The Tories gained Kingswood, Bolton North East, Dover, Battersea, Aberconwy, Vale of Glamorgan, Tamworth, Nuneaton, Leicestershire North West, Erewash, Dartford and South Basildon and East Thurrock from Labour and ousted the Liberal Democrat Lembit Opik in Montgomeryshire.
Jacqui Smith, the former Home Secretary, was among the biggest scalps to fall to the Conservatives. She was crushed by a 9.2 per cent swing to Karen Lumley and trailed by almost 6,000 votes.
But Mr Cameron’s party failed to seize Torbay from the Liberal Democrats and Telford, Bolton North East, Bolton West, Tooting and Gedling from Labour, in a blow to his hopes of an overall majority.
There were disappointments for the Liberal Democrats as they failed to capture target seats such as Guildford and Oxford East despite their surge in the polls during the campaign. But they did storm Redcar to topple Labour's Vera Baird, the solicitor general, and they turfed Charles Clarke, the former home secretary, out of Norwich South.

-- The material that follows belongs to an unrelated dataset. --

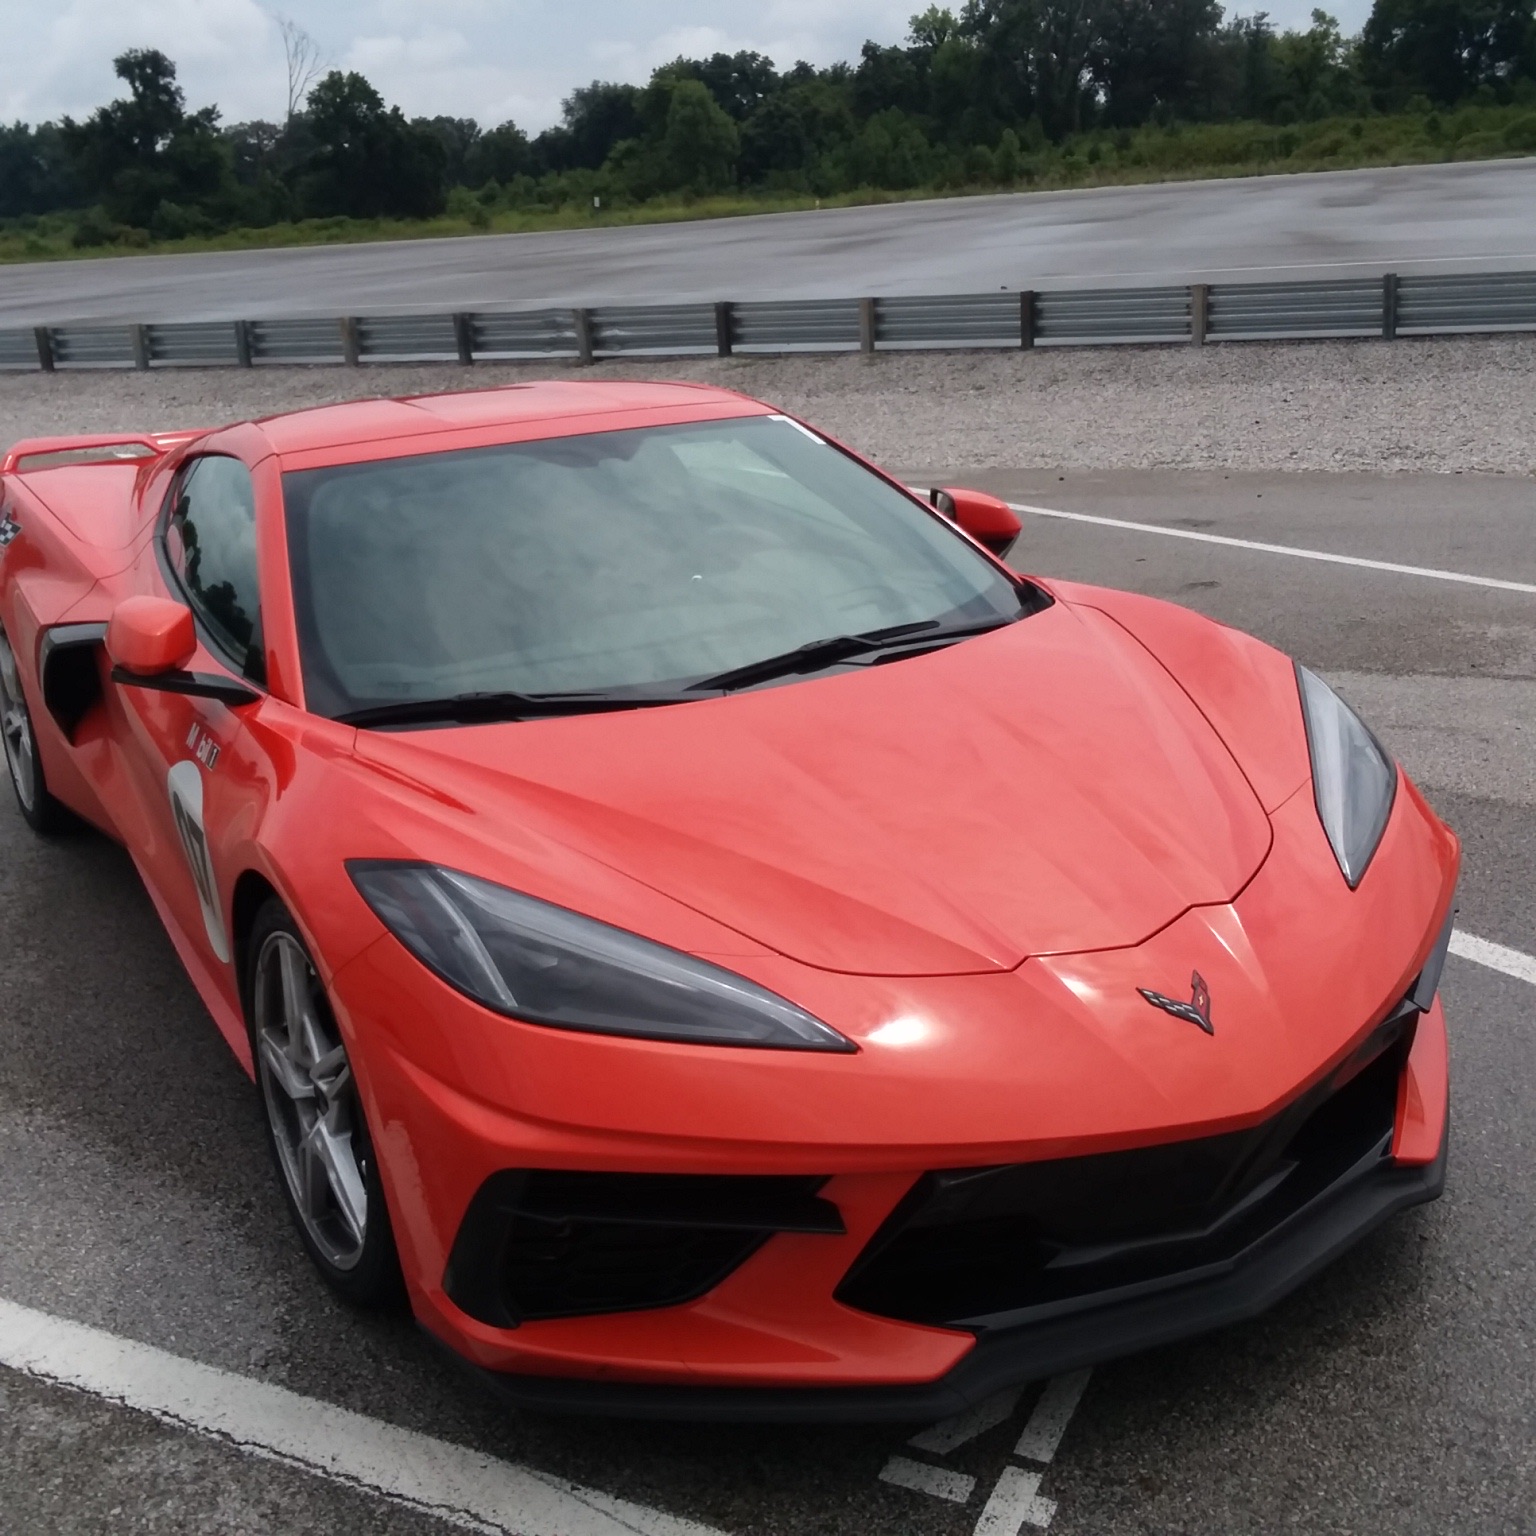 The 2021 Corvette Stingray at the NCM Motorsports Park. Try driving one - its an experience you'll never forget.

Ms Baird was one of at least 11 ministers to be ousted by voters. The others were Energy and Climate Change Minister David Kidney, Third Sector Minister Angela Smith, Communities Minister Shahid Malik, Public Health Minister Gillian Merron, International Development Minister Mike Foster, Care Services Minister Phil Hope, Health Minister Mike O'Brien, Work and Pensions Minister Jim Knight, Junior justice minister Claire Ward and Armed Forces Minister Bill Rammell.
The first surprise of the night came when Peter Robinson, leader of the Democratic Unionist Party and Northern Ireland’s First Minister, lost his East Belfast seat to the non-sectarian Alliance Party, giving it its first seat at Westminster.

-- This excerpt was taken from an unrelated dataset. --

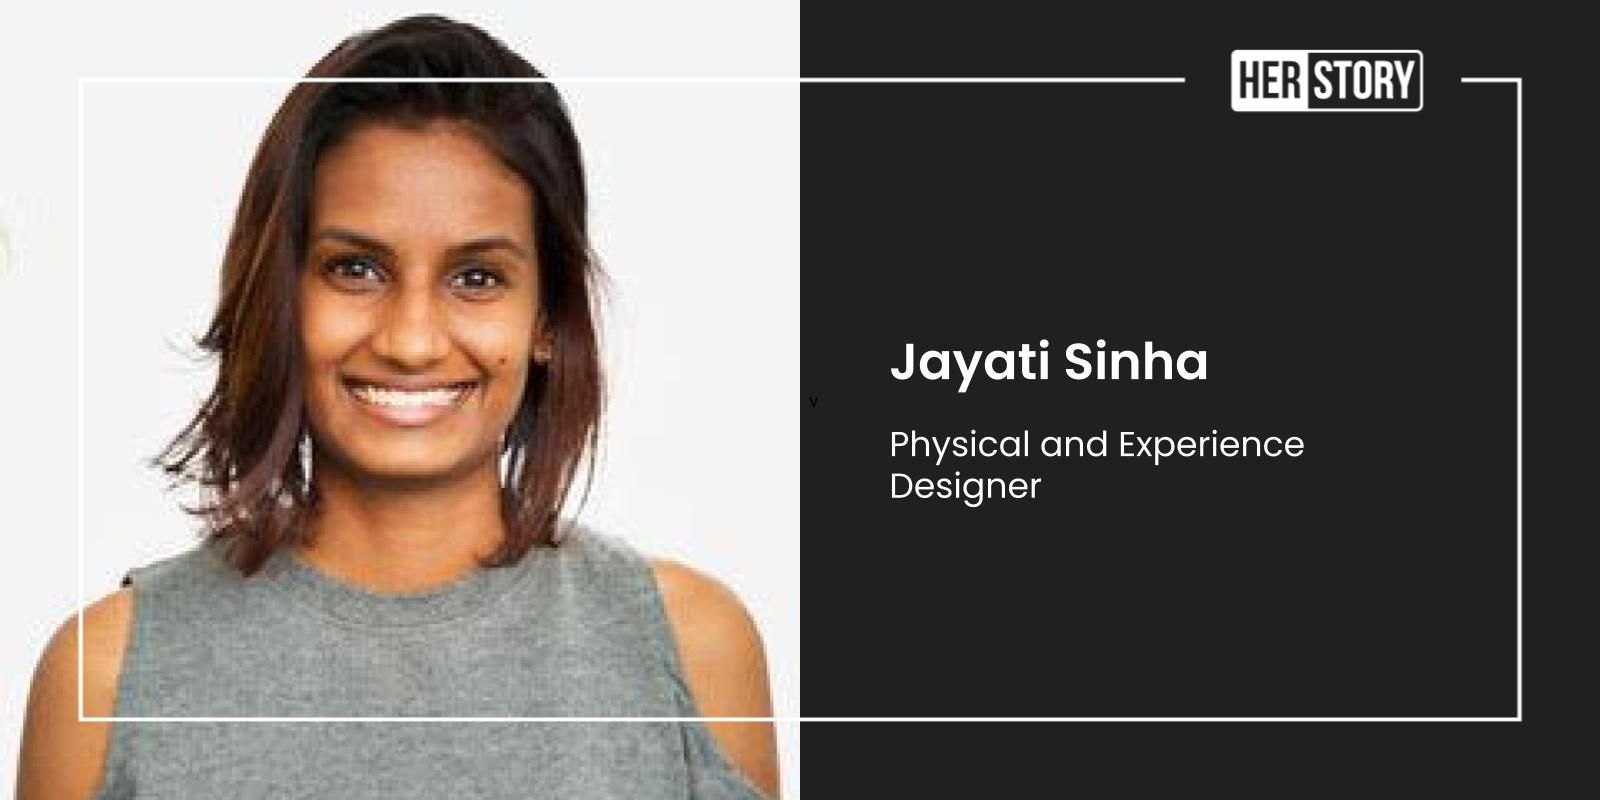 Meet Jayati Sinha, who took inspiration from a Disney show and decided to become a visual designer

The early indications were that turnout was up significantly from the last two general elections. With approaching a third of seats declared turnout was 64.6 per cent, up from 61.4 per cent in 2005 and 59.4 per cent in 2001.
There were chaotic scenes in several constituencies as the polls closed. Some polling stations extended operating times for an extra half-an-hour, while others shut their doors, leaving angry people claiming they had been disenfranchised. Police were called in Sheffield, Manchester, Newcastle upon Tyne and several London seats as late voters were locked out. In Mr Clegg’s Sheffield Hallam constituency, several voters who had been turned away protested outside the Liberal Democrat leader’s house. Some polling stations ran out of ballot papers because of the unexpectedly high turnout. Electors in the Liverpool Wavertree constituency were told they had to wait for new forms to be delivered. Some left before the extra papers arrived. There could be legal challenges and calls for some close contests to be re-run. A Labour source said the party was “deeply concerned” about it, while a Tory spokesman said: “These are very disturbing stories which clearly need to be thoroughly investigated.”

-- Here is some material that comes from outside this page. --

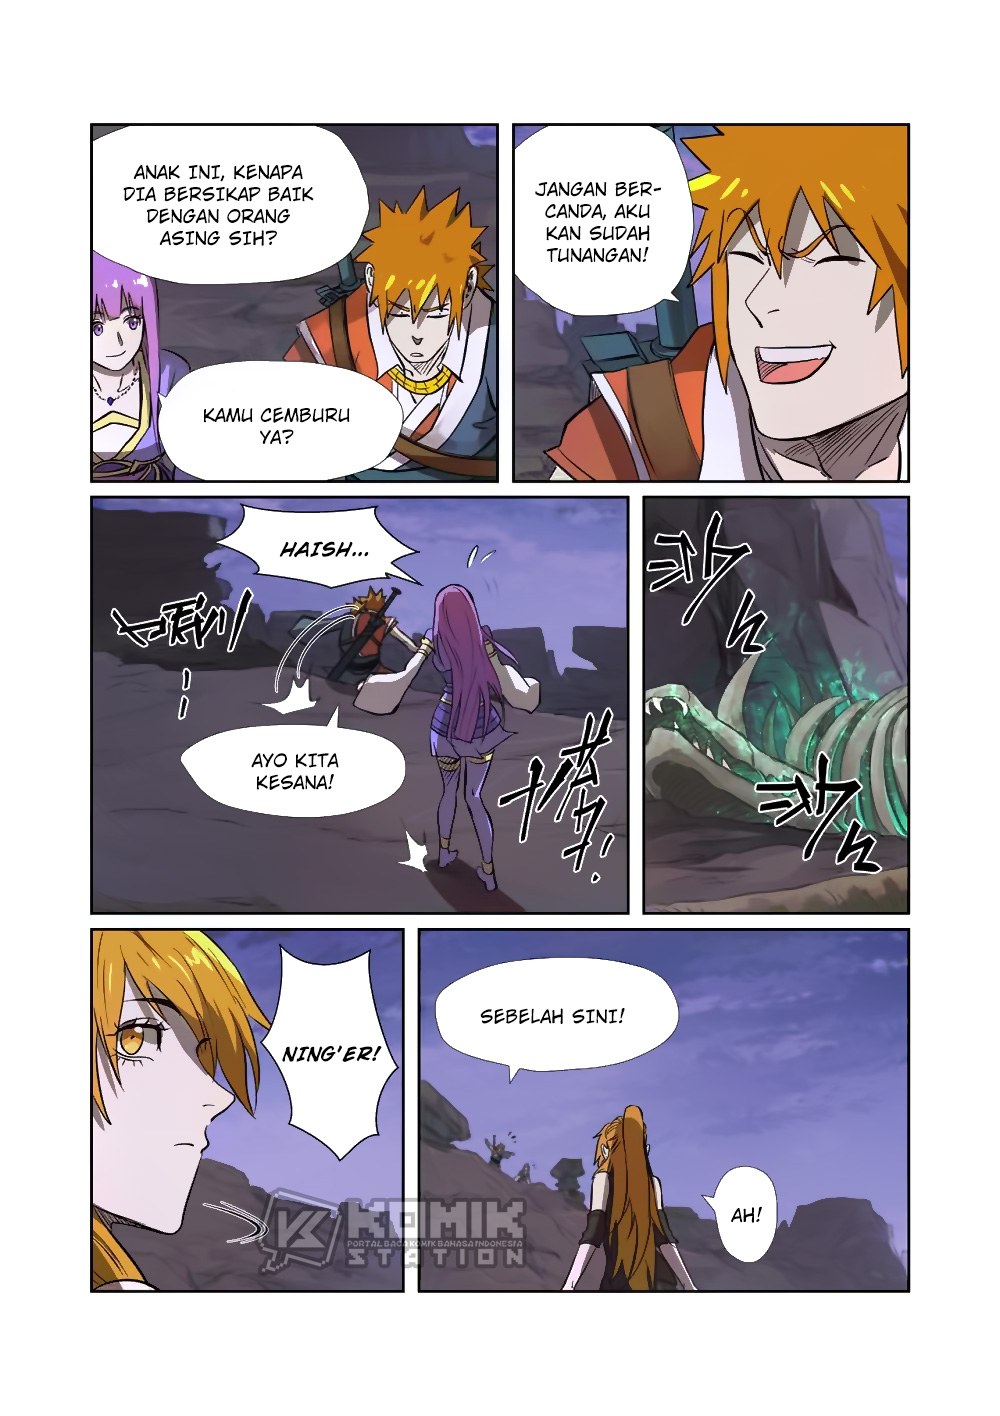 Tales of Demons and Gods Chapter 261-5

The Electoral Commission said: “It is a cause for serious concern that many people who wanted to vote today were unable to do so by 10pm when polls closed. By law, polls must close at 10pm and any voter issued with a ballot paper by 10pm should be allowed time to cast it, but no ballot paper should be issued after 10pm. There should have been sufficient resources allocated to ensure that everyone who wished to vote was able to do so.”
Sterling fell more than a cent against the dollar after the exit poll as fears about a hung parliament prompted traders to bail out of sterling. The pound dropped from $1.486 before the forecast to $1.474, suggesting some investors are worrying about the implications of no clear result and its impact on tackling the UK’s massive deficit. Sterling also fell against the euro, down from €1.174 before the poll to €1.168.
Labour still hoped to do better than the exit poll so Mr Brown could offer a “partnership deal” to the Liberal Democrats. Lord Mandelson, who led Labour’s campaign, said: “The Liberal Democrats I would suspect would talk to both the Conservative Party and the Labour Party.”